If you receive a benefit in exchange for your contribution, you must reduce your deduction by the value of that benefit. For example, if you pay $200 for a charity dinner ticket and the dinner’s value is $50, you can only deduct $150. The charity must provide you with an estimate of the value of goods or services you received.
Proper record-keeping is required for claiming a charitable deduction, and the specific documentation depends on the donation’s value and type. For any single contribution under $250, you must keep a reliable record, such as a canceled check, bank statement, or a receipt from the charity showing its name, the date, and the amount.
When a single contribution is $250 or more, you must obtain a “contemporaneous written acknowledgment” from the charity. This document must include the charity’s name, the contribution date, and the cash amount. For non-cash property, it must describe the item and state whether the organization provided any goods or services in exchange for the gift.

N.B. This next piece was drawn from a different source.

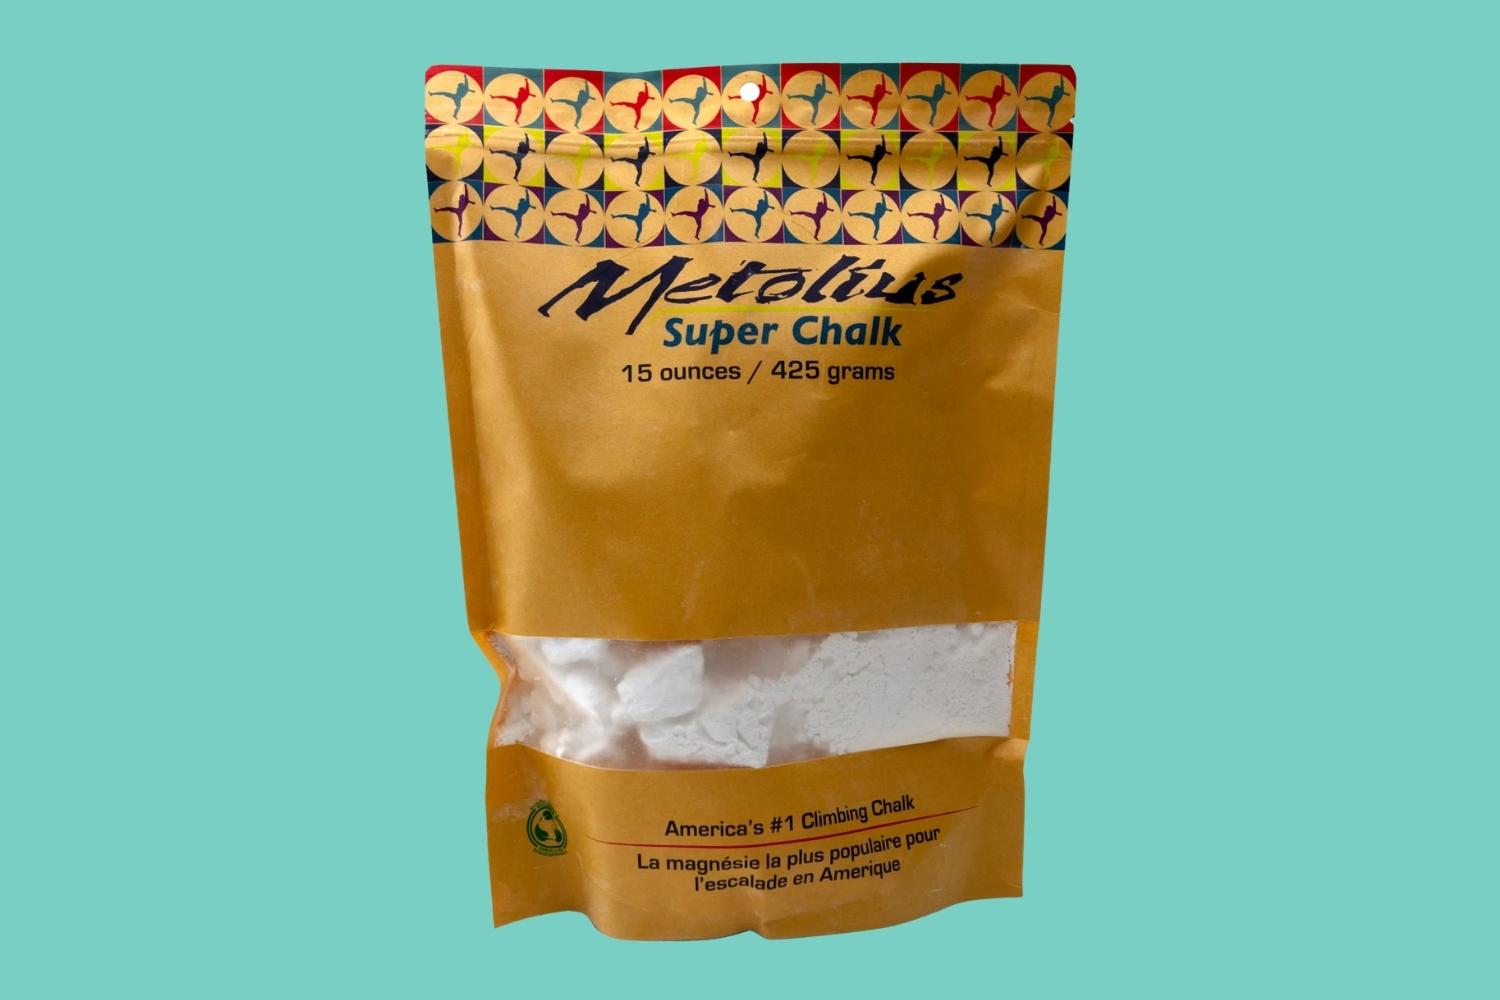 Metolius Super Chalk review

If your total deduction for all non-cash contributions exceeds $500 for the year, you must complete and file IRS Form 8283, Noncash Charitable Contributions, with your tax return. For donations valued over $500 but not more than $5,000, you are required to complete Section A of Form 8283. This section asks for information such as the charity’s name and address, a description of the property, the date you acquired it, how you acquired it, your original cost (or basis), its fair market value, and the method you used to determine that value.
Donations exceeding $5,000 require a formal written appraisal from a qualified appraiser. You must also complete Section B of Form 8283, which the appraiser and an official from the charity must sign.
After identifying qualifying donations, calculating their value, and gathering all necessary documentation, the final step is to report the deduction on your federal income tax return. To do so, you must choose to itemize your deductions rather than taking the standard deduction. You can only benefit from the charitable deduction if your total itemized deductions exceed your available standard deduction amount.
The deduction is claimed on Schedule A (Form 1040), Itemized Deductions. You will report your total cash and non-cash contributions on the designated lines of this schedule. Submitting your tax return with the completed Schedule A finalizes the process of claiming your non-profit write-offs.